Millions of Jews throughout the U.S. and around the world face a challenge each year at Passover: how to connect the biblical story of their liberation from slavery to the daily experience of life today.
Free the Slaves has developed a creative solution. Working with a distinguished group of rabbis and Jewish educators, we're distributing new materials to educate people attending a Passover Seder about the different dimensions of modern-day slavery, the reasons Jews have a particular responsibility to intervene, and actions Jews and their non-Jewish Seder guests can take -- individually and collectively -- to free slaves now.
These "Passover Project" materials are free and available online here.
New Passover Materials: Tip sheets and handouts explain how tens of millions are still enslaved worldwide, generating $150 billion in illicit profits for traffickers each year. The brochures outline what Jews can do to take action in 10 hours, 10 minutes or even 10 seconds. More than 90 percent of Jews around the world celebrate Passover with a Seder of some kind. The materials include readings, activities, songs, stories, blessings, foods, photographs, quotations, questions and challenges to engage people of all ages -- all designed to help Seder participants find fresh meaning and relevance in the foundational Passover narrative.
New Slavery Curriculum: Master educators from different Jewish movements have created innovative teaching materials on modern slavery, as it relates to Jewish history and values. This state-of-the-art curriculum includes materials for every age from kindergarten through adulthood. The curriculum is a valuable tool for Passover preparations, and it can be used throughout the year to teach the Book of Exodus and mitzvot (commandments), such as redeeming captives and loving the stranger.

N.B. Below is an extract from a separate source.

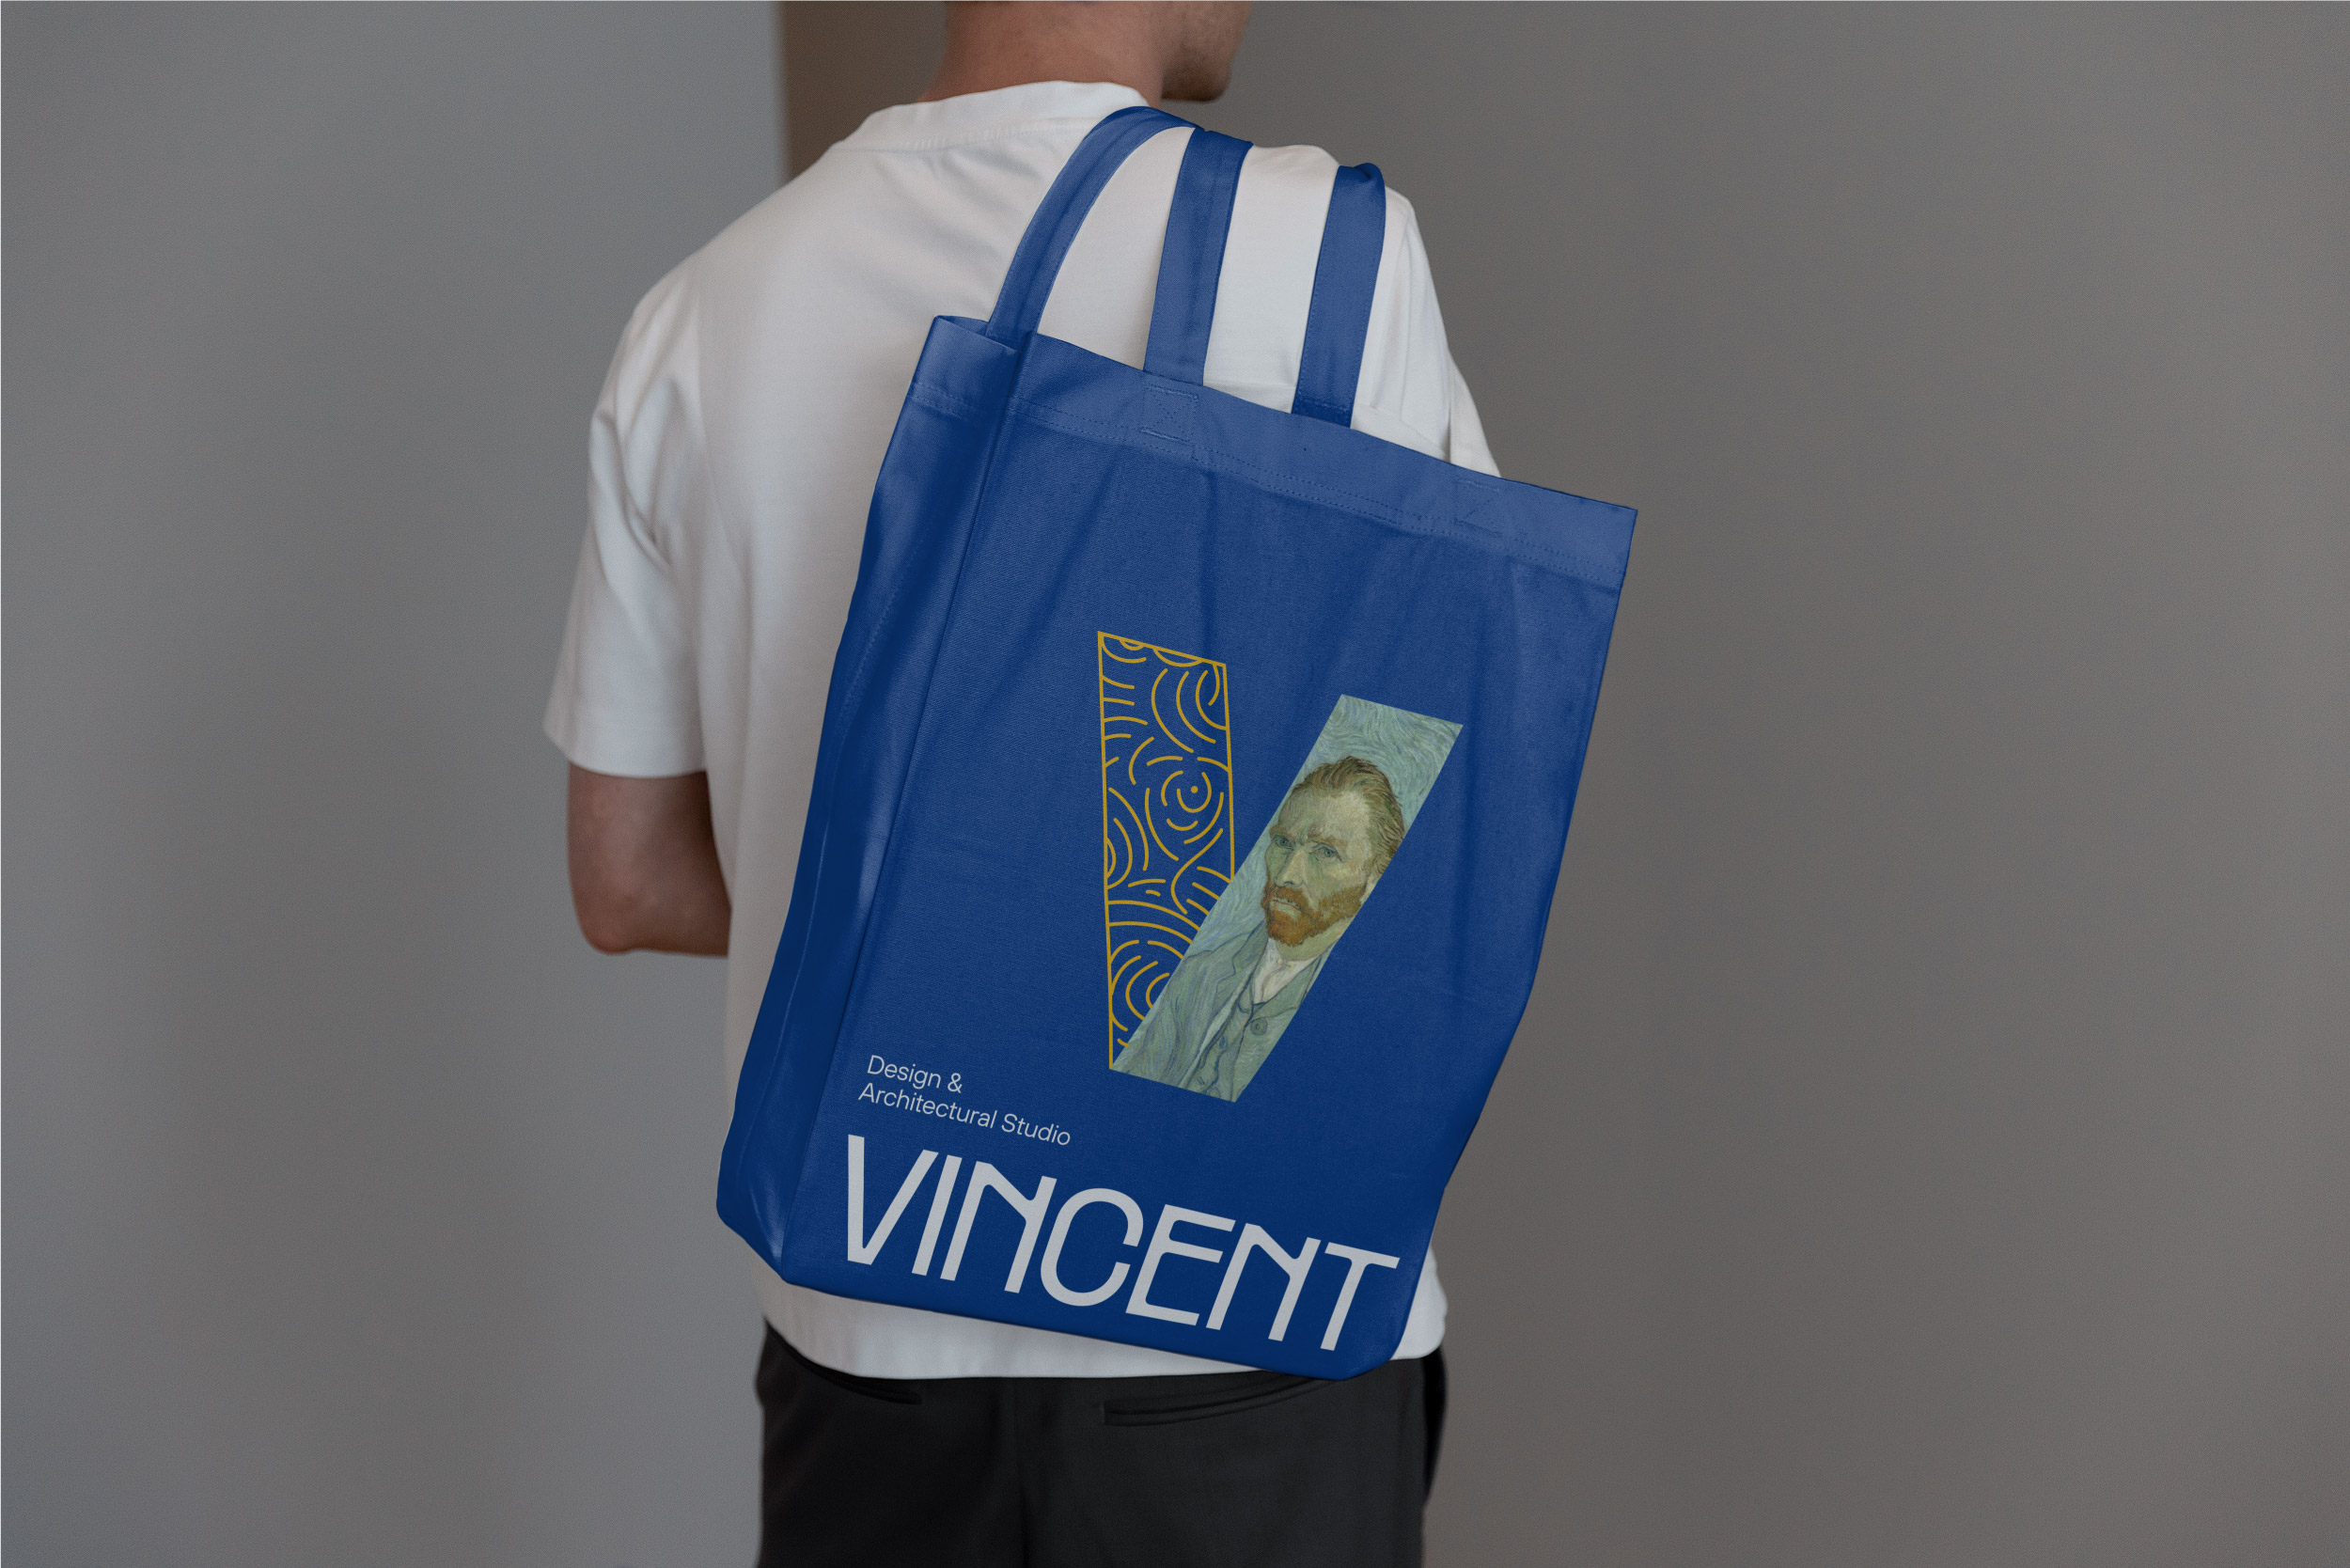 Vincent Design & Architectural Studio Brand Identity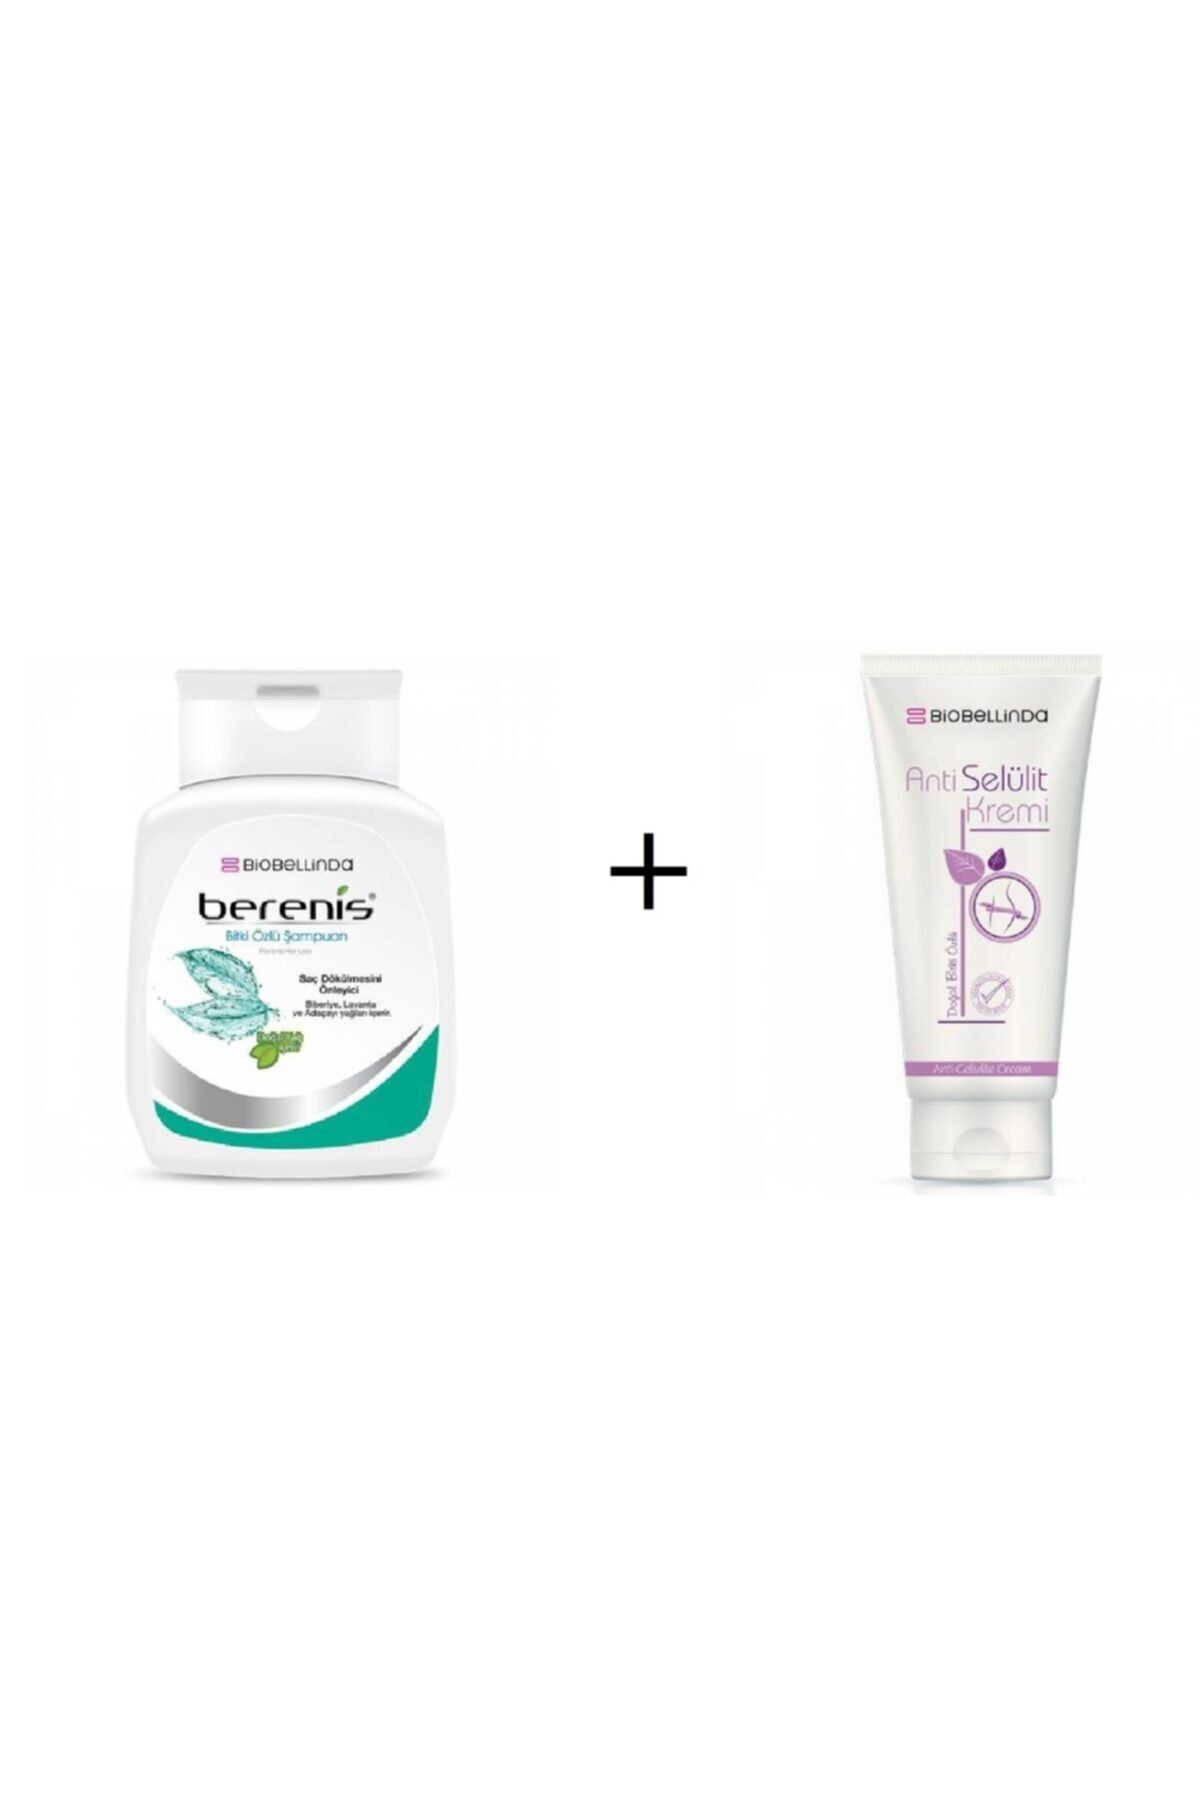 BioBellinda Berenis - Dökülen Saçlar Için Şampuan 290ml + Anti Selülit Kremi 200ml (paket)

"Slavery is not historical. It is happening now. And every person who sits down to a Seder can help end it," says Passover Project Founder, Rabbi Debra Orenstein of Congregation B'nai Israel in Emerson, New Jersey. "As long as other human beings are enslaved, no one is free. As Rabbi Israel Salanter taught, the material needs of my neighbor are my spiritual needs. Imagine if Moses, privileged and protected in Pharaoh's palace, had considered himself free, and done nothing to help liberate the Israelites?"
"Jews are commanded to 'Tell your children' so that the story of the liberation from slavery is never forgotten," says Free the Slaves Executive Director Maurice Middleberg. "When Jews participate in the Seder they fulfill a covenant with history to celebrate freedom. This covenant is also a promise to the present and the future. Delight at liberation in the past must be matched by a commitment to eradicating slavery today. Jews gather at the Seder and ask, 'Why is this night different from all other nights?' Let the answer be: 'We are modern abolitionists and this Passover we are part of the joyous work of liberation.'"
The new materials have been created as part of the Free the Slaves Passover Project, a five-year campaign to enlist Jewish schools, congregations and communities into a network mobilized against human trafficking throughout the year. More than 20 Jewish institutions have already signed up as Passover Project Partners.
Judaism is deeply connected to the themes of slavery and freedom. The Torah instructs in Deuteronomy 24:18: "Remember that you were a slave in Egypt and that the Lord your God redeemed you from there. Therefore, I command you to do [justice]." The enslavement of Jews during biblical times -- and their subsequent exodus -- are a central narrative not only for Jewish people, but for others who have found hope in the biblical story.
If every person who attends a Seder learns a few facts about modern slavery, changes shopping habits in just a few small ways, donates a few dollars and reaches out to educate just a few additional people, we would liberate tens of thousands of human beings.